The point of the paper I was writing is that these things should actually be built into the database to some degree. There are functions in DuckDB—you can do SELECT * FROM duckdb_functions() and get a table of all functions with descriptions. But the description field is only populated for half the functions. Database developers assume humans can always go to the documentation website.

It’s similar for Postgres—only 30-40% of functions have descriptions, and the textual descriptions are often uninformative. I believe if database developers invested a little more into built-in documentation, that problem could easily go away, because agents are quite good at searching for information that way.

The Challenge of Undocumented Data

Tim: What about data documentation? At my previous job at a bank, we had a large data warehouse with data dumps from production tables into AWS data lake storage. It was weakly documented in terms of what the tables meant. Even analysts were looking at things and trying to infer from the data what columns they were looking at. Sometimes even wondering if a column is a key for another table with different names. Are agents getting good at discovering those kinds of things? Or is that just a way to shoot yourself in the foot by letting the agent hallucinate what it’s seeing?

Till: If you give the agent infinite time to do data exploration—you prompt it saying “here’s my question, please write the SQL to answer it, but before you start, explore the entire database, look at every table, every column, think about what the columns are about, make a plan to explore the database extensively, write a report, and only then start writing the SQL”—I think that could work quite effectively.

But you have to think about it this way: what would happen if you gave a proficient analyst who has never seen your database access to your data warehouse and asked that person the same question? How much of a hard time would this person have? What are the things this person cannot know or cannot infer from the data? The same limitations apply to the LLM.

If there are things that are really not documented, non-obvious, or not inferable from how the data looks, it definitely needs to be provided in context in some shape or form. But this exploration takes an insane amount of time and it’s expensive. You have to run queries and you’re wasting tokens. You don’t want to do this every single time.

Another thing is query history, if you have access to that—the queries people have run in the past, sometimes even comments in those queries. That’s also very good for the agent to dig into.

I think this exploration of schema and query history and collection of relevant context shouldn’t happen on the user path where the user asks a question. It should be considered part of data engineering work or data maintenance work.

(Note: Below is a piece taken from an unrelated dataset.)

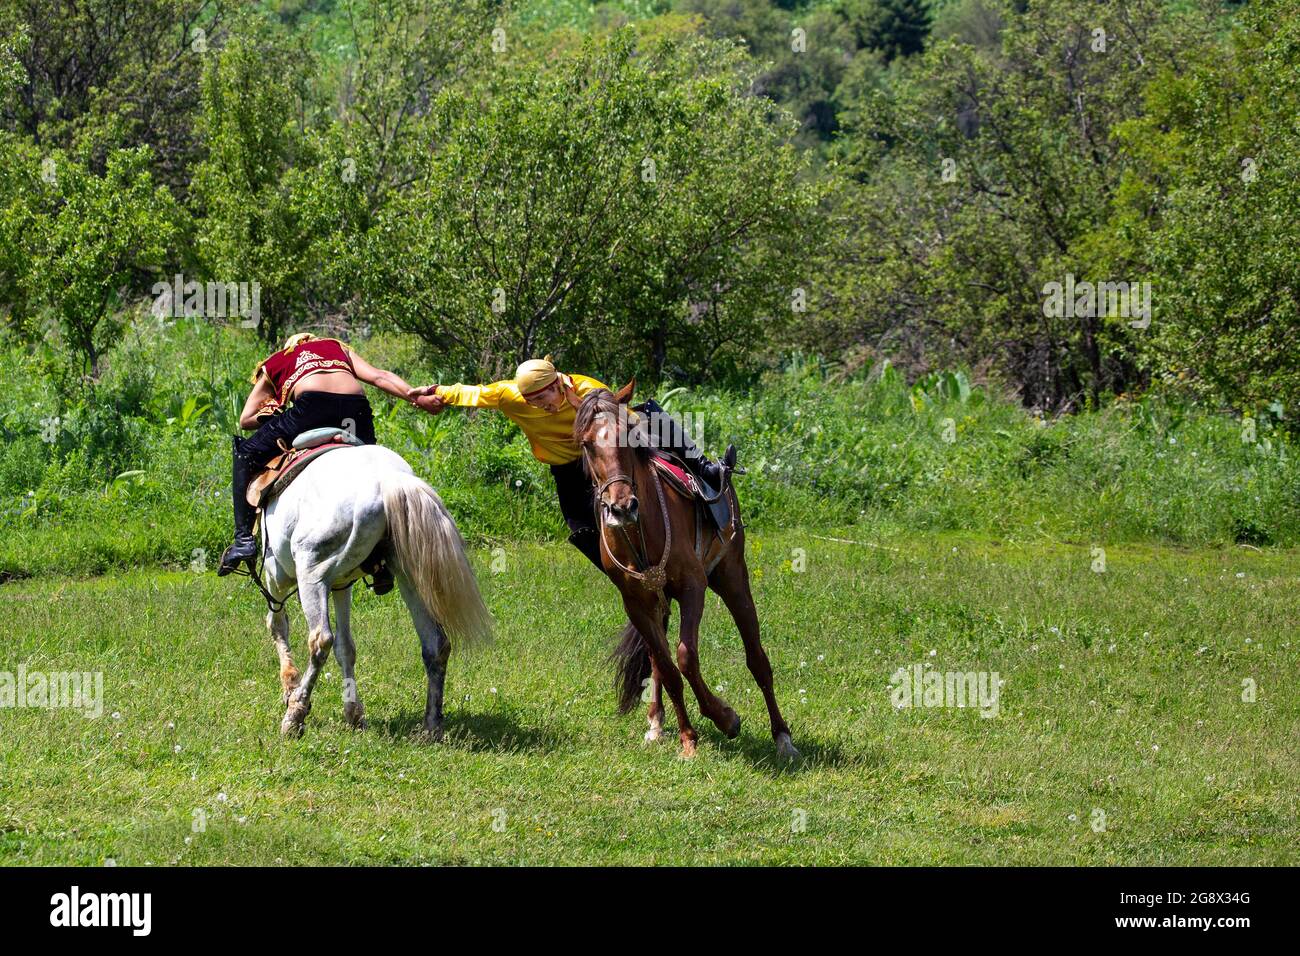 Kazakh men do traditional nomadic arm wrestling on their horse, in Kazakhstan. Stock Photo

If I create a new table as a data engineer, I might usually have written into a data catalog or some internal documentation page what the data is about. Maybe I’ve sent a Slack message or added info to a Linear ticket. But nowadays, it’s probably also part of the job to document this in a form that agents can consume easily.

I wish I could tell you there’s an established standard for how to do this. Different companies try different things, and we’re one of those companies with a particular approach. DuckDB and other databases have table and column comments in the metadata catalog. You can add natural language comments. It’s a bit underused, but we recommend people start with using those to add context.

There’s a gap in our product where I think there’s a real need to capture knowledge at a database level and organization level. Our MCP server could surface this information to the agent. It could be as simple as a markdown document.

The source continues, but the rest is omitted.